PROMPT
Your answer should hold the data exactly as given, minus any picture.

SUPPLIED MATERIAL
______________________________
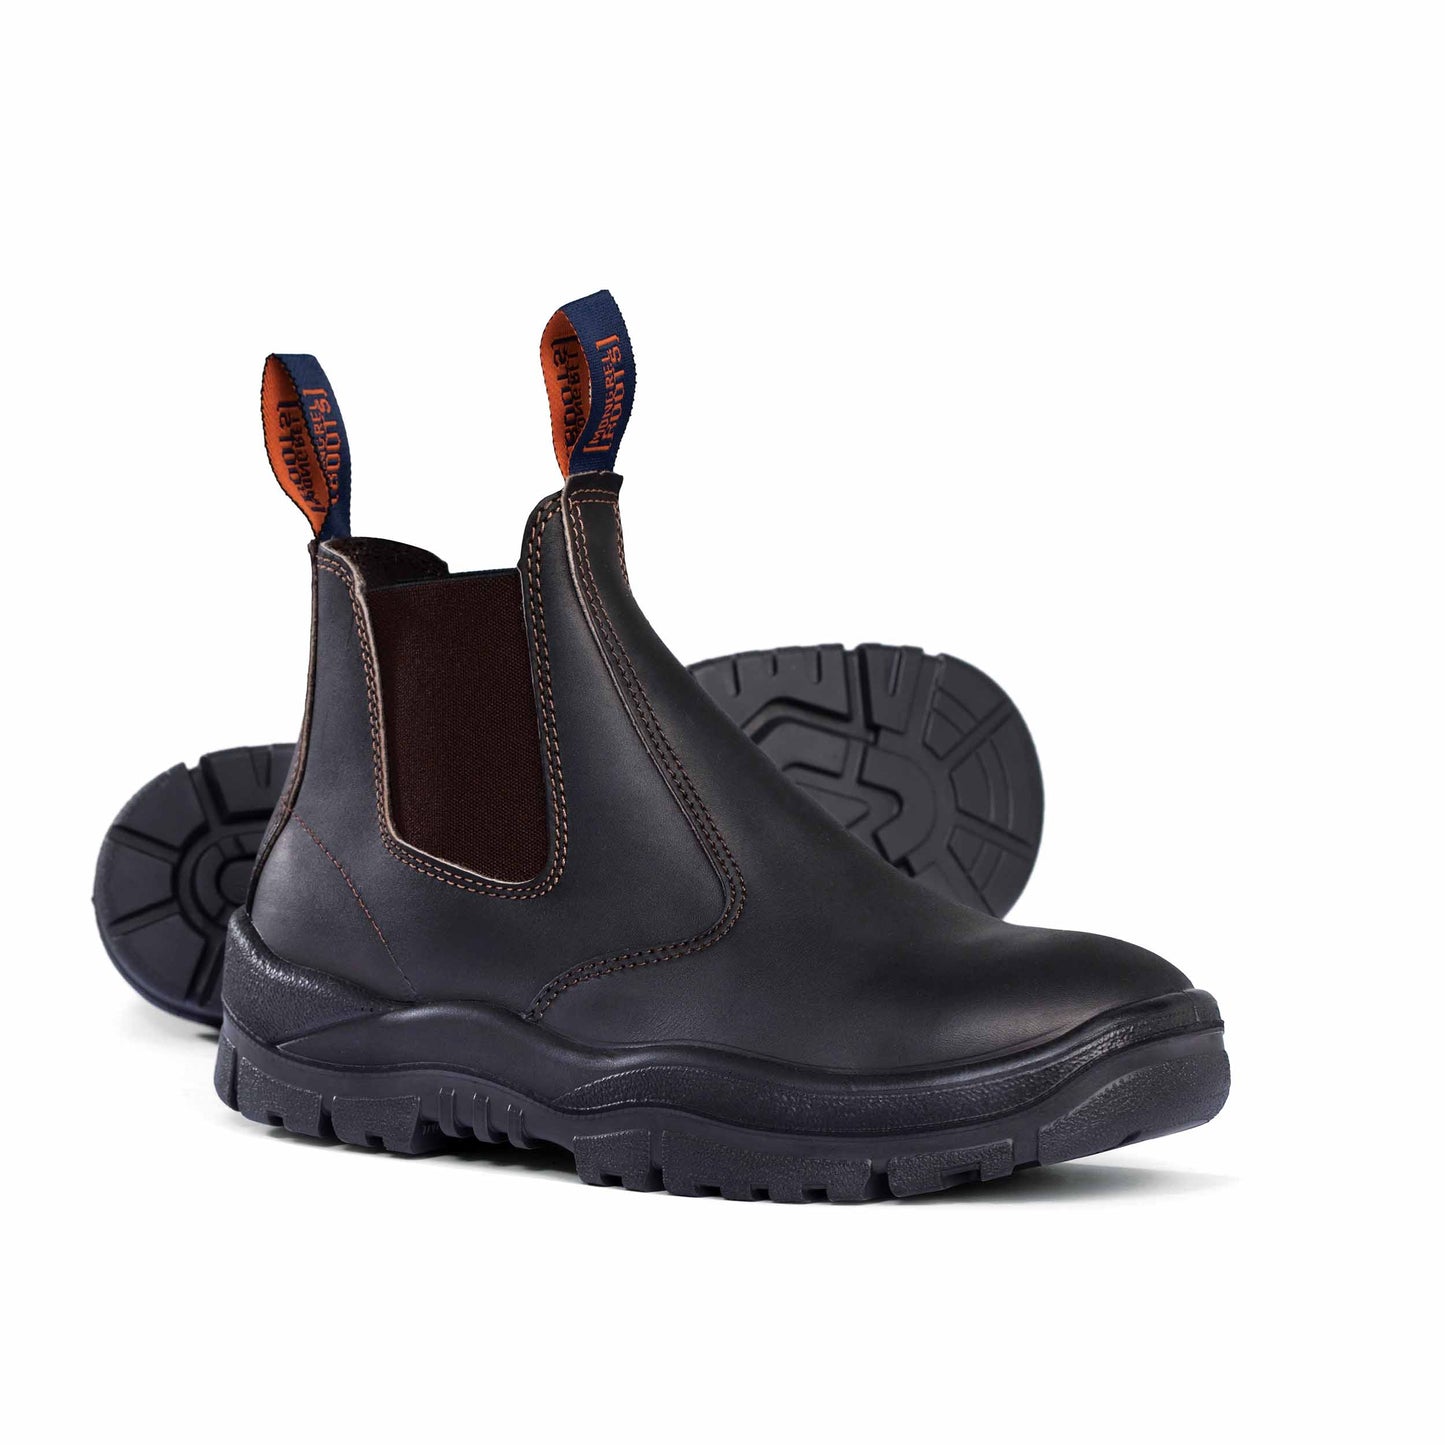 MONGREL 240030 SAFETY BOOTS - SLIP ON
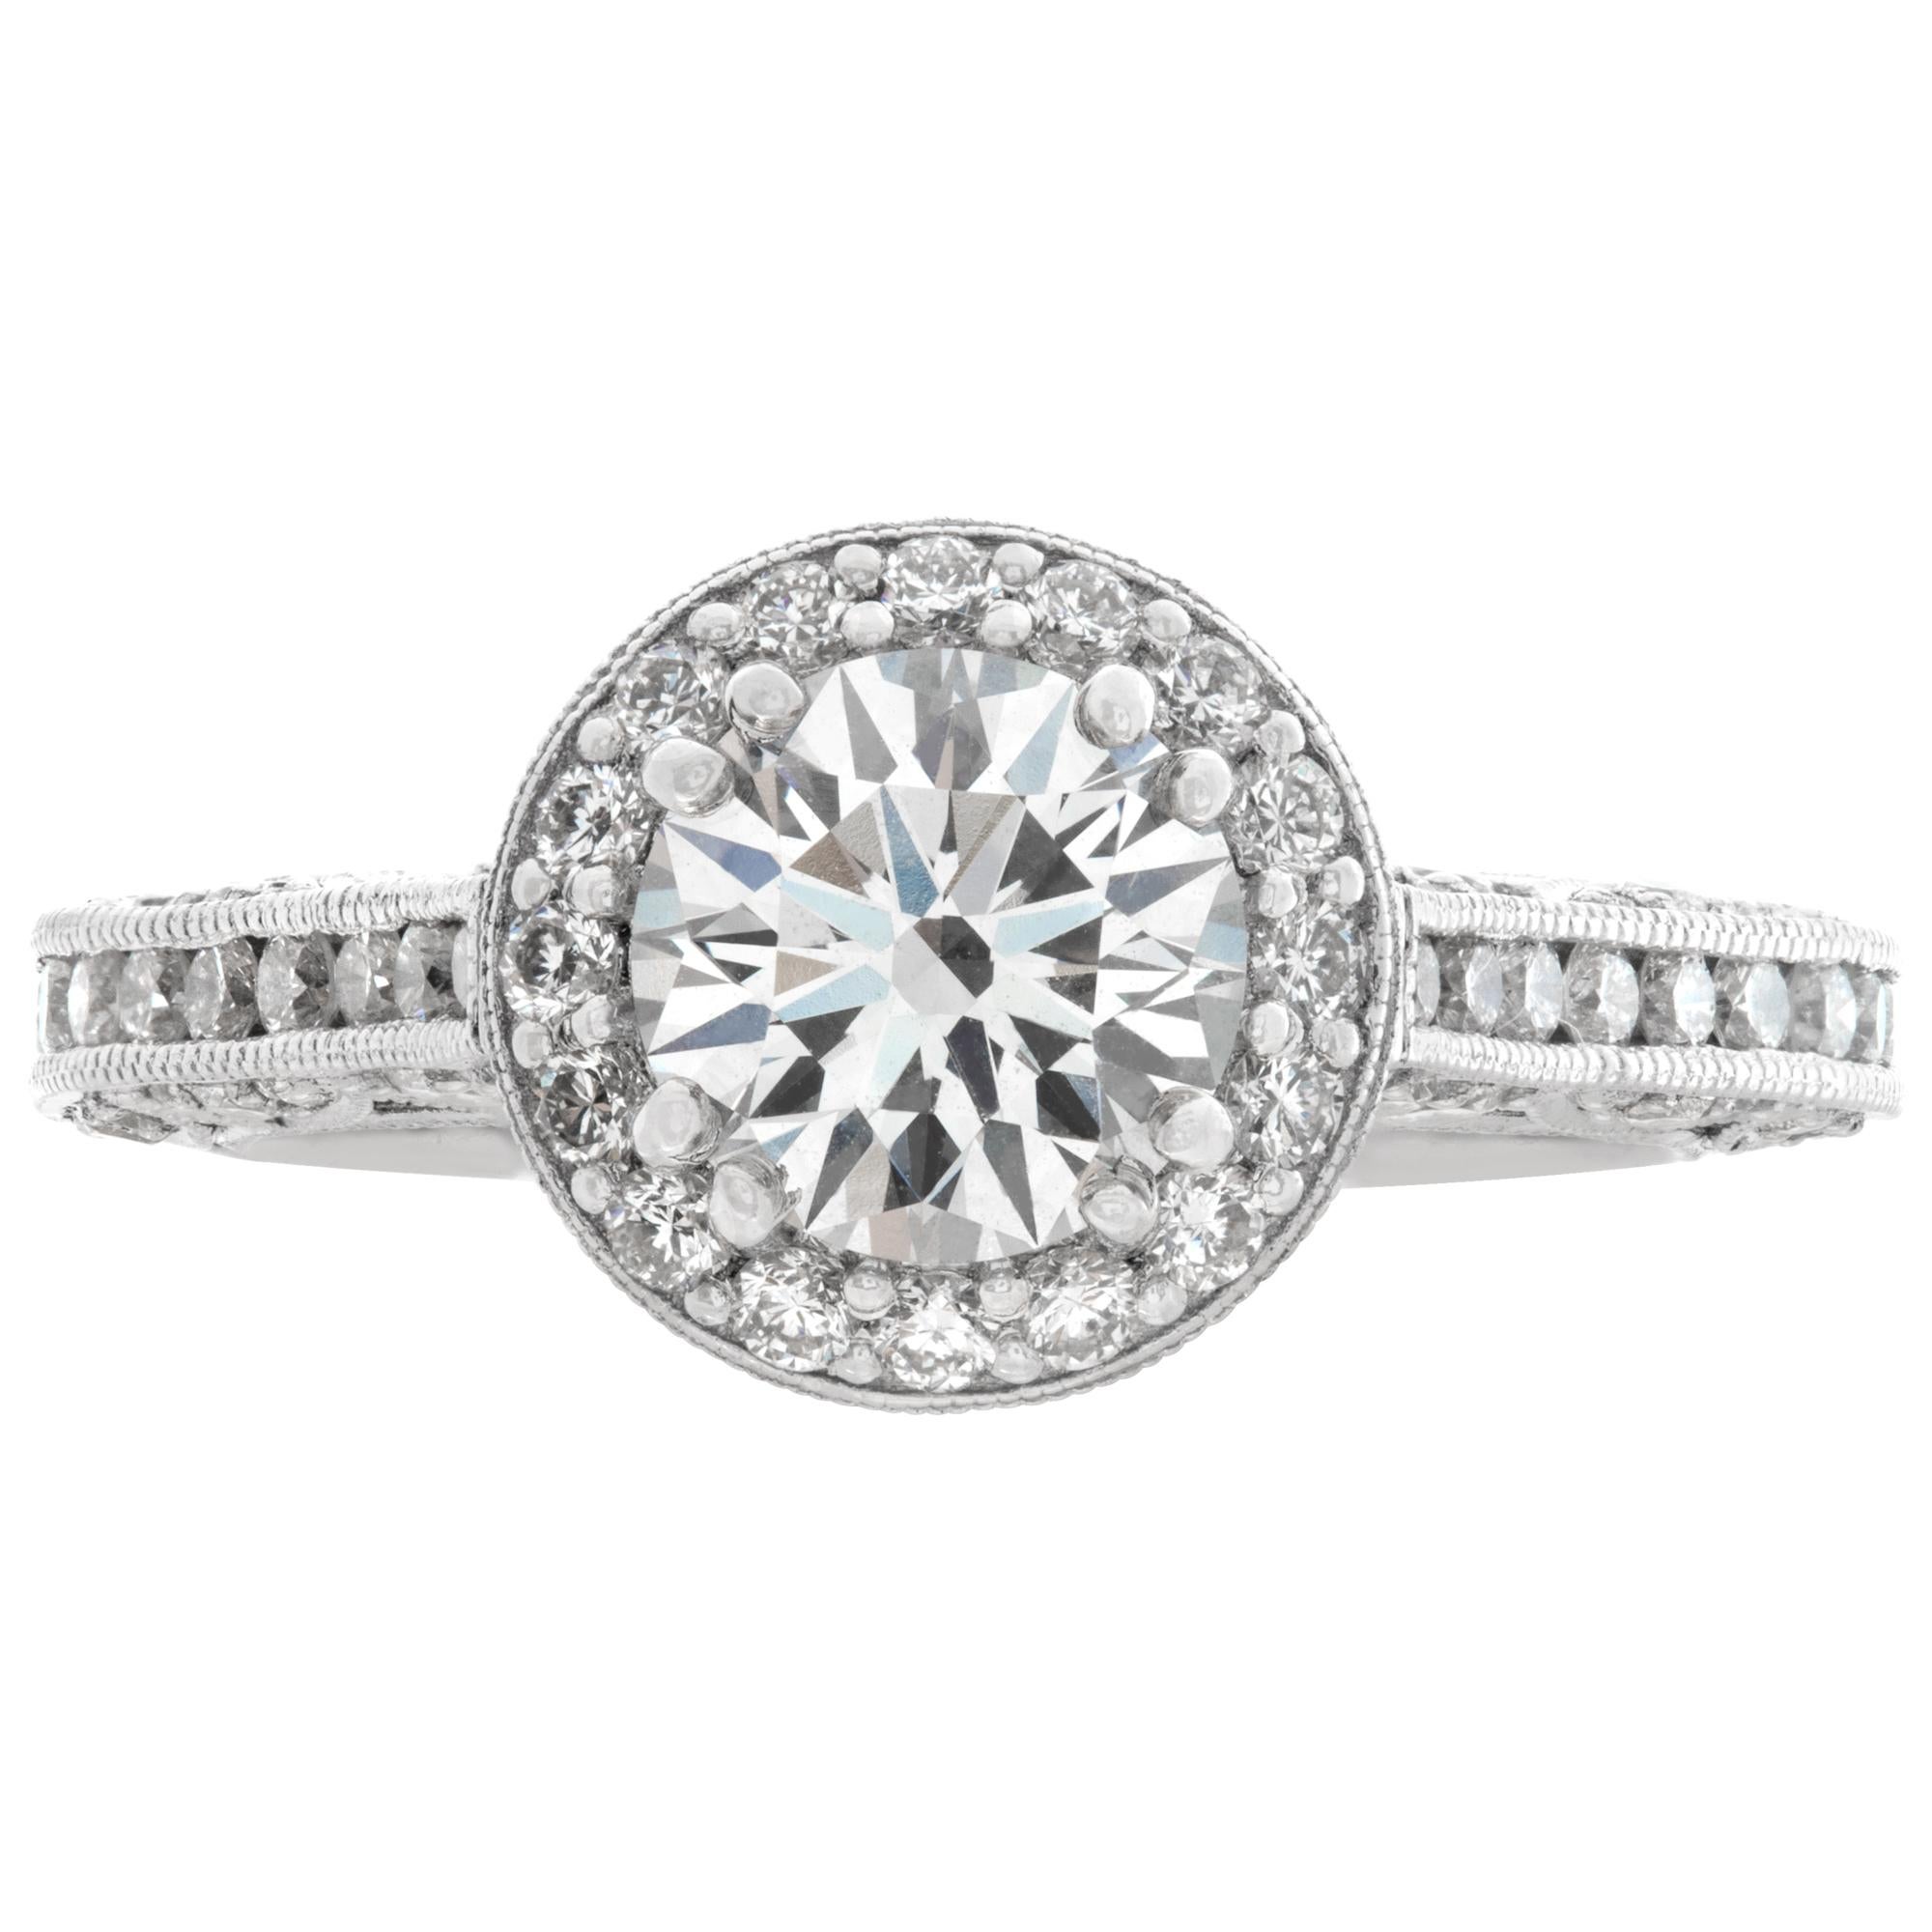 GIA certified round brilliant cut diamond 1.02 carat (G color, Internally Flawless clarity) ring set in Tacori platinum diamond filagree setting with approximately 0.50 carats in diamonds. Size 4.5.This GIA certified ring is currently size 4.5 and
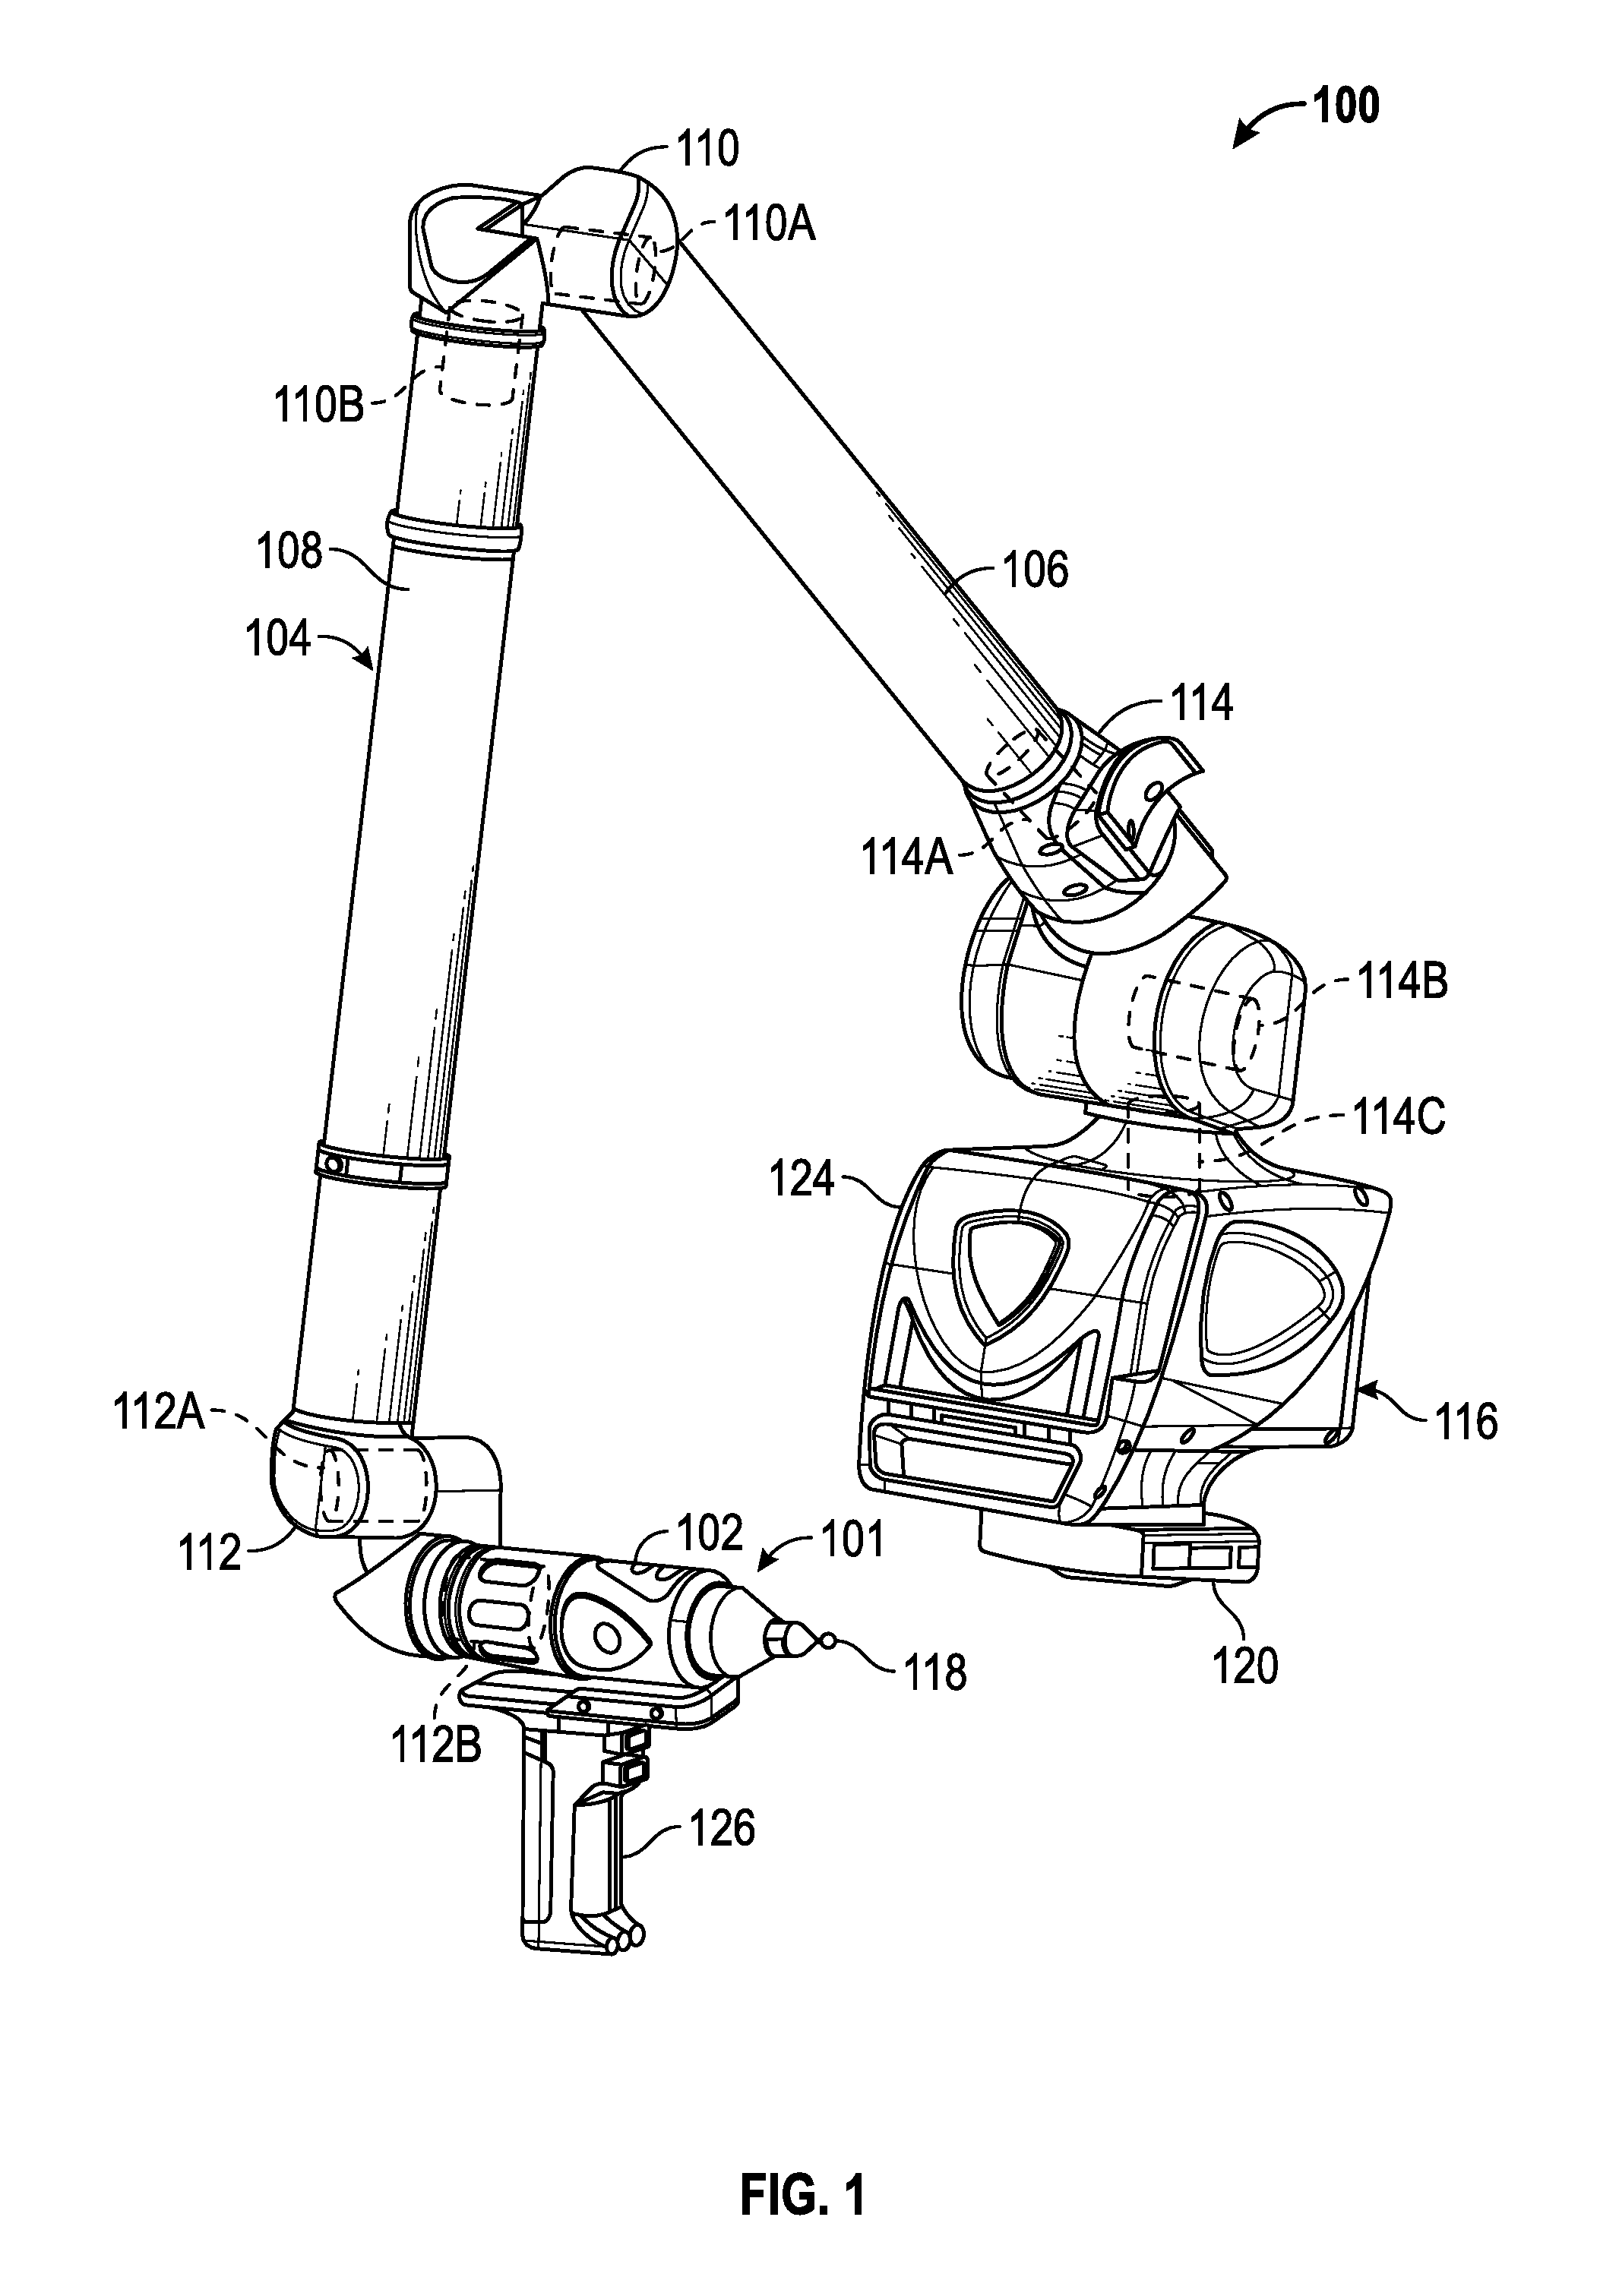 Metrology device and a method for compensating for bearing runout error
______________________________
TASK RESULT
 MONGREL 240030 SAFETY BOOTS - SLIP ON
 GIA certified round brilliant cut diamond 1.02 carat (G color, Internally Flawless clarity) ring set in Tacori platinum diamond filagree setting with approximately 0.50 carats in diamonds. Size 4.5.This GIA certified ring is currently size 4.5 and
 Metrology device and a method for compensating for bearing runout error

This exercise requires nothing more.